Where we included method studies related to NMA biases (e.g. Bujkiewicz 2019 [36]) and studies assessing the quality of NMAs (e.g. Dotson 2019 [37]), we extracted the sentence and surrounding text outlining the method and reworded the text into a concept.

Search methods for studies

An experienced information specialist executed literature searches in July 2020 in the following electronic databases: MEDLINE (Ovid), Cochrane Library and difficult-to-locate/unpublished (i.e. grey) literature: EQUATOR Network, Dissertation Abstracts, websites (Cochrane, The Canadian Agency for Drugs and Technologies in Health [CADTH], National Institute for Health and Care Excellence [NICE], Pharmaceutical Benefits Advisory Committee, Guidelines International Network, ISPOR and International Network of Agencies for Health Technology Assessment) as well as methods collections (i.e. Cochrane Methodology Register, AHRQ Effective Health Care Program). One expert in search validation designed the search, a second expert revised the search and two librarians independently reviewed the search (Additional file 1).

We scanned the reference lists of included studies. We also asked members of the steering group to identify studies missed by our search. We contacted authors of abstracts or posters to retrieve the full study or when data were missing.

To identify in-house journal editorial standards for NMAs, we created an email list of editors-in-chief of journals publishing NMAs, using the reference list of a bibliometric study of NMAs [38]. We located the journal website using the Google search engine and then located the emails of the editors-in-chief. If they indicated they used an in-house editorial standard for NMAs, then we added these standards to our list of potentially eligible papers.

Selection of studies

The eligibility criteria were piloted by two reviewers independently on a sample of studies retrieved from the search to ensure consistent application. Two reviewers independently reviewed the title, abstracts, and full text for their potential inclusion against the eligibility criteria. Any disagreement was resolved by discussion with a third reviewer.
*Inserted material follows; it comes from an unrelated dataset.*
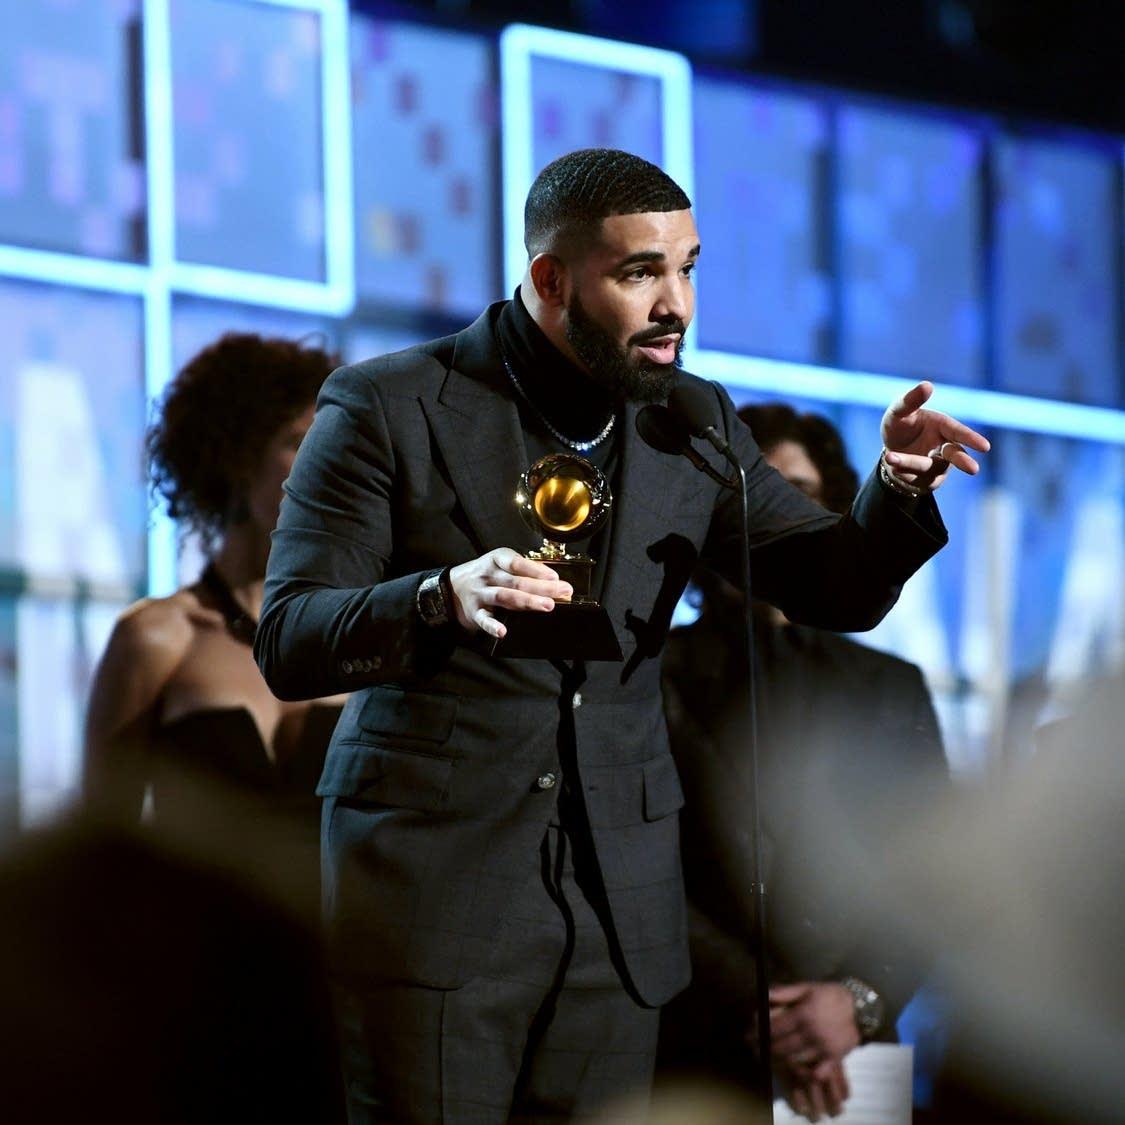 Drake speaking at the 2019 Grammy Awards

In instances where there was limited or incomplete information regarding a paper’s eligibility (e.g. when only an abstract was available), the original study authors were contacted to request the full text or further details. Google Translate was used when the authors of the current paper were not fluent in the language of interest.

Selection of items

Extracted items were reviewed against our eligibility criteria by the steering committee using a consensus-based decision structure. The steering committee decided on their inclusion through an online Zoom™ polling process. The polling options were to include, amend or exclude the item as it was a general systematic review item, or not related to NMA bias.
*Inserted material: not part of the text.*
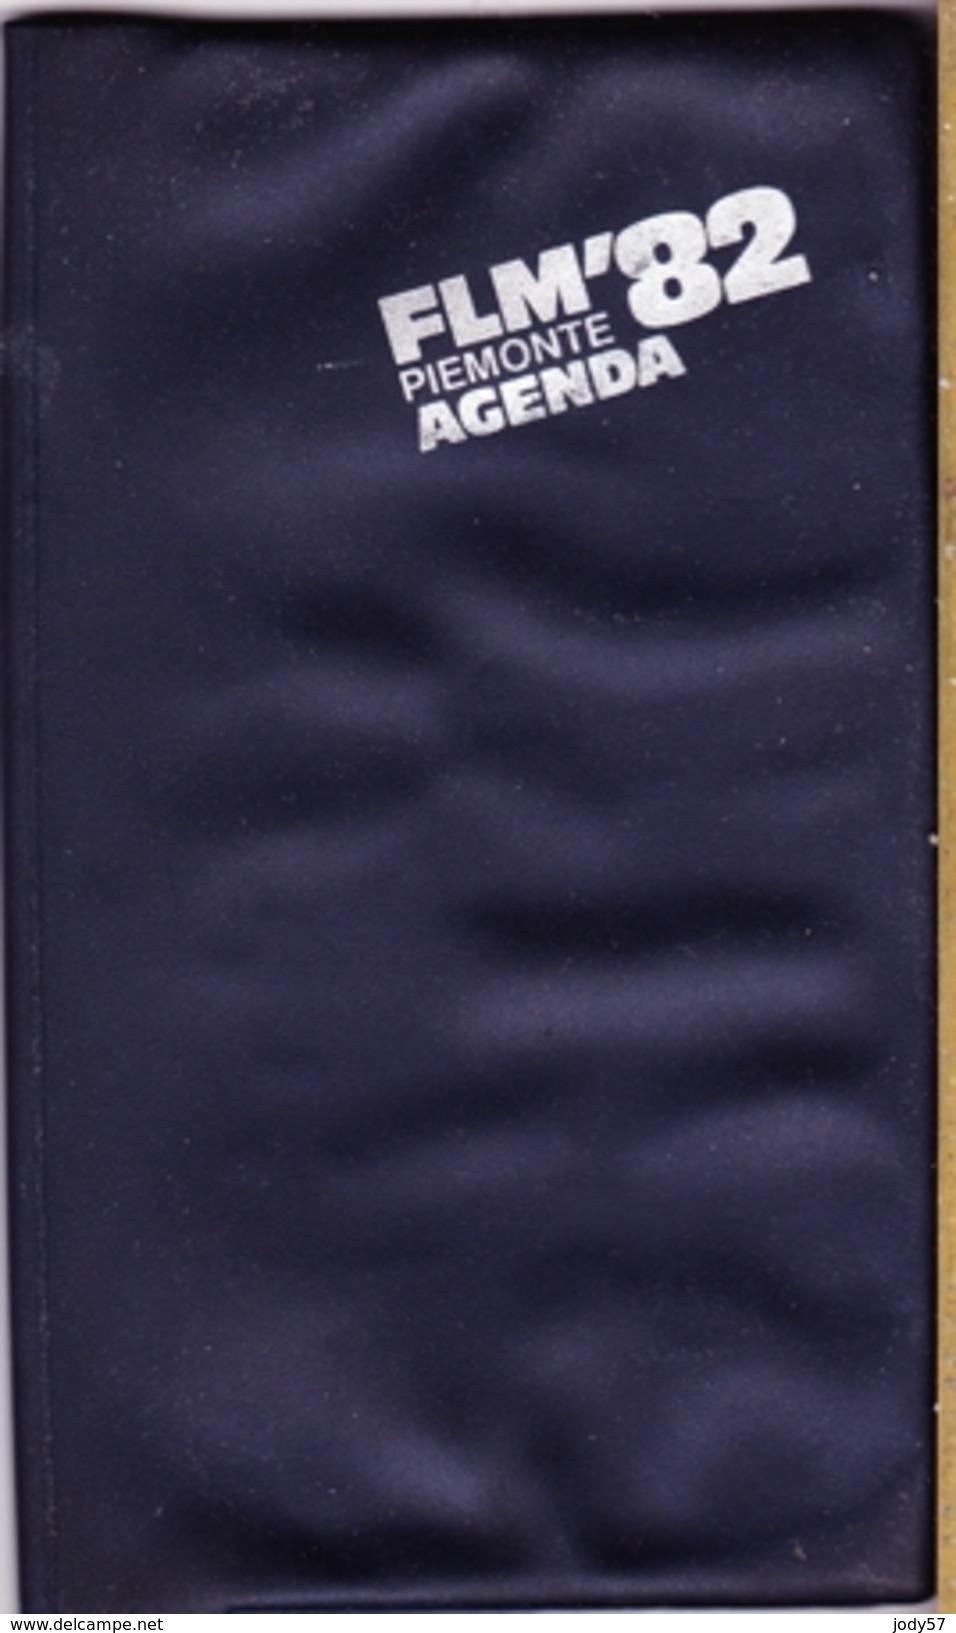 CALENDARIO TASCABILE AGENDINA - FLM PIEMONTE 1982 - Calendari

Data extraction of studies

From the included studies, we extracted the following data: first author and publication year, standard instrument nomenclature (i.e. tool, scale, checklist and definitions), whether the instrument was designed to assess specific topic areas, number of items, domains within the instrument, whether the instrument focuses on reporting or methodological quality (or focuses on other concepts such as precision of the treatment effect estimates), how domains and items within the instrument are rated (if applicable), methods used to develop the instrument (e.g. review of items, Delphi study, expert consensus meeting) and the availability of guidance as a separate document or included within the original publication.

Data extraction of items

From the included studies, items potentially relevant to NMAs were extracted verbatim. Two seminal instruments were extracted first because (a) they have the most comprehensive list of items and (b) they were rigorously developed (e.g. used a Delphi process, tested reliability): ISPOR [15] and PRISMA NMA [14] checklists.

PRISMA NMA and ISPOR provided a taxonomy of items, onto which we mapped other similar items (original taxonomy can be found at https://osf.io/f2b5j/). We first (i) extracted items from the ISPOR checklist, (ii) grouped similar PRISMA NMA items next to the ISPOR item and finally (iii) added items not present in ISPOR next to those in the same domain (e.g. eligibility criteria domain). This process made it easier to identify duplicate items, which could be later combined.

Once the items from PRISMA NMA [14] and ISPOR [15] were extracted, a new source was reviewed one at a time based on the year of publication (newest first) [28]. It is hypothesised that old instruments would contain outdated methods and are not as comprehensive.

Once all items were extracted, the following steps were used to group items:

  1. III.

    Split items so that each item only covers a single concept

  2. IV.

    Combine duplicate items

  3. V.

    Group items by similar concept

  4. VI.

    Categorize items as being related to biases specific to NMAs

  5. VII.

    Reword into concepts

Two reviewers independently extracted data and discussed discrepancies until a consensus was reached. Data were extracted using Microsoft Excel.

Organising and categorising items

Several rounds of modification were required until a list of items was finalised and categorised into domains. The steering committee reworded the items, typically structured as questions, into concepts (i.e. general notions) to avoid undue focus on the wording of the item and to make sure these were not confused with a list of items that would be included in the final tool.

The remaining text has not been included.